__Your instructions__. When you repeat the listing below, keep every word exactly and leave out each picture.

__Provided material__.
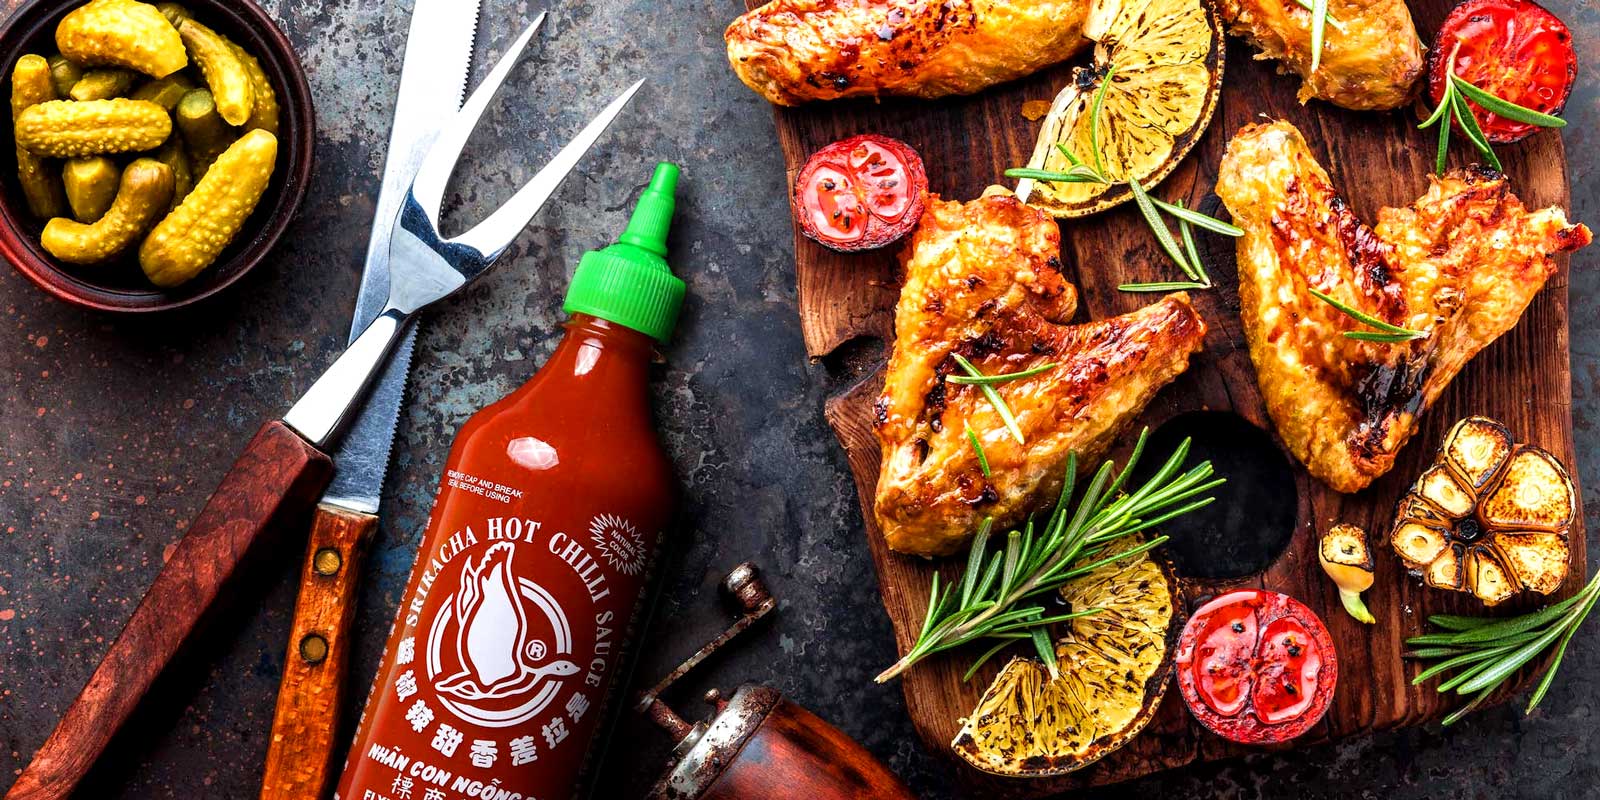 Sriracha sosur fra Flying Goose Aridh 1999 var fyrsta flokks tailenska sosumerkidh okkar, Flying Goose, hleypt af stokkunum medh thadh adh markmidhi adh haekka stadhalinn a heitum sosum og veita matgaedhingum hamarks bragdhefni til adh baeta vidh alls kyns godhgaeti.
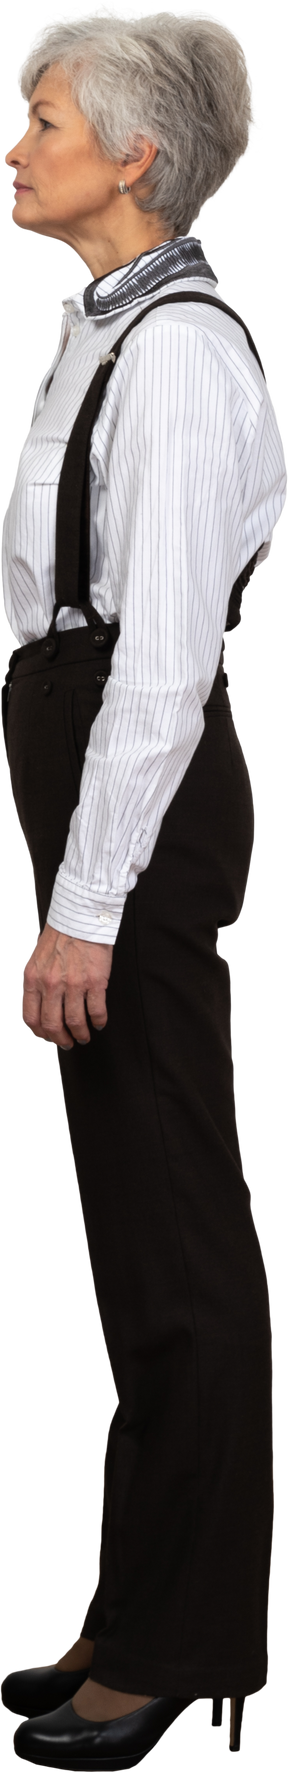 Vista lateral de una mujer mayor segura vestida con ropa de oficina
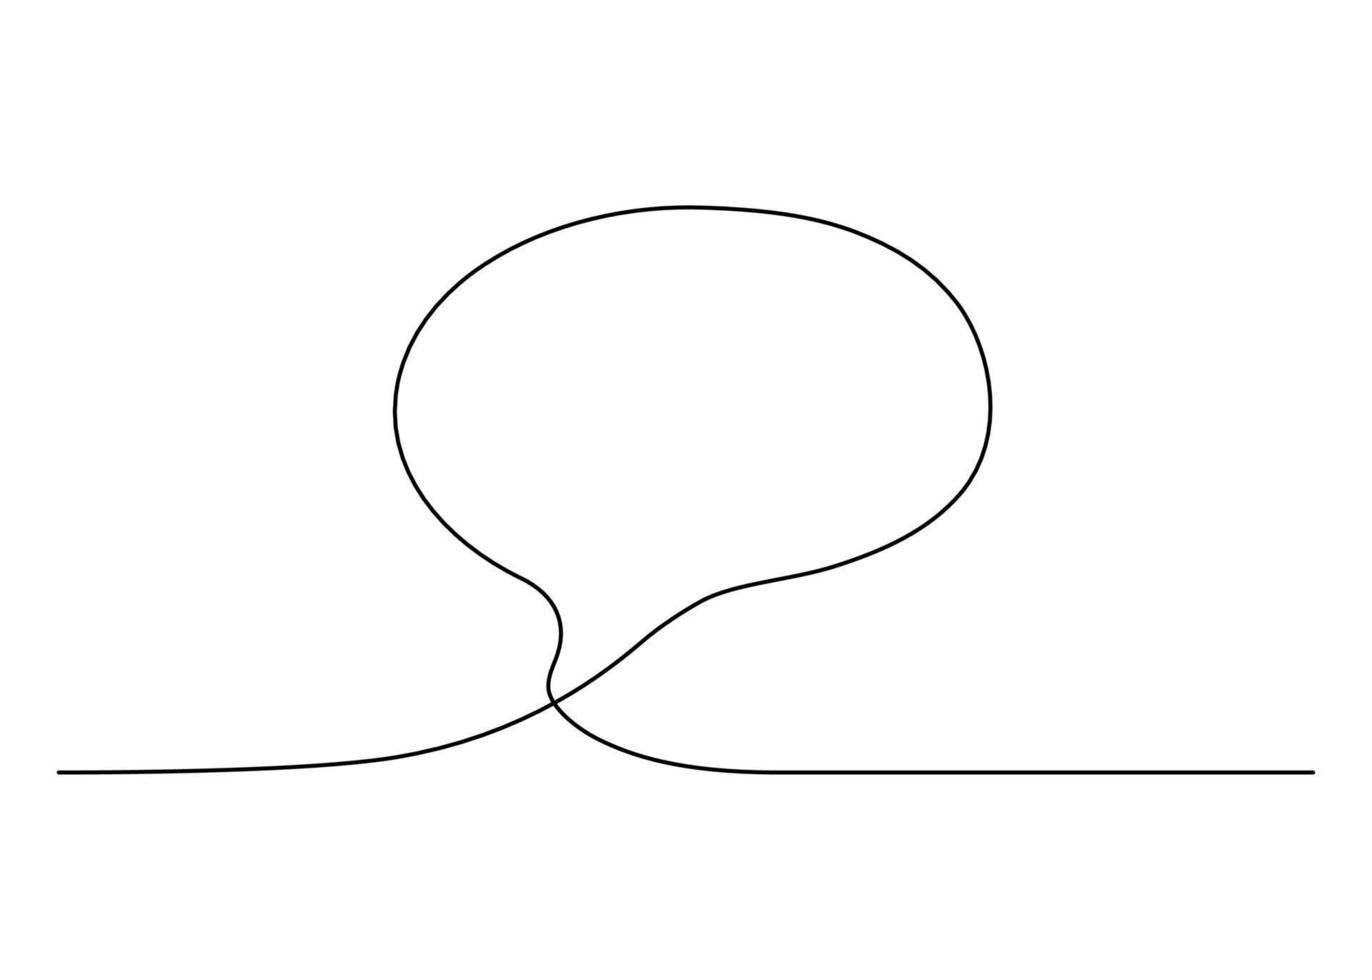 contour de bulle de parole, chat, dessin continu d'une ligne. boîte de cadre linéaire minimaliste graphique pour le texte. ballon pour parler. illustration vectorielle à une seule ligne vecteur

__Reply__.
 Sriracha sosur fra Flying Goose Aridh 1999 var fyrsta flokks tailenska sosumerkidh okkar, Flying Goose, hleypt af stokkunum medh thadh adh markmidhi adh haekka stadhalinn a heitum sosum og veita matgaedhingum hamarks bragdhefni til adh baeta vidh alls kyns godhgaeti.
 Vista lateral de una mujer mayor segura vestida con ropa de oficina
 contour de bulle de parole, chat, dessin continu d'une ligne. boîte de cadre linéaire minimaliste graphique pour le texte. ballon pour parler. illustration vectorielle à une seule ligne vecteur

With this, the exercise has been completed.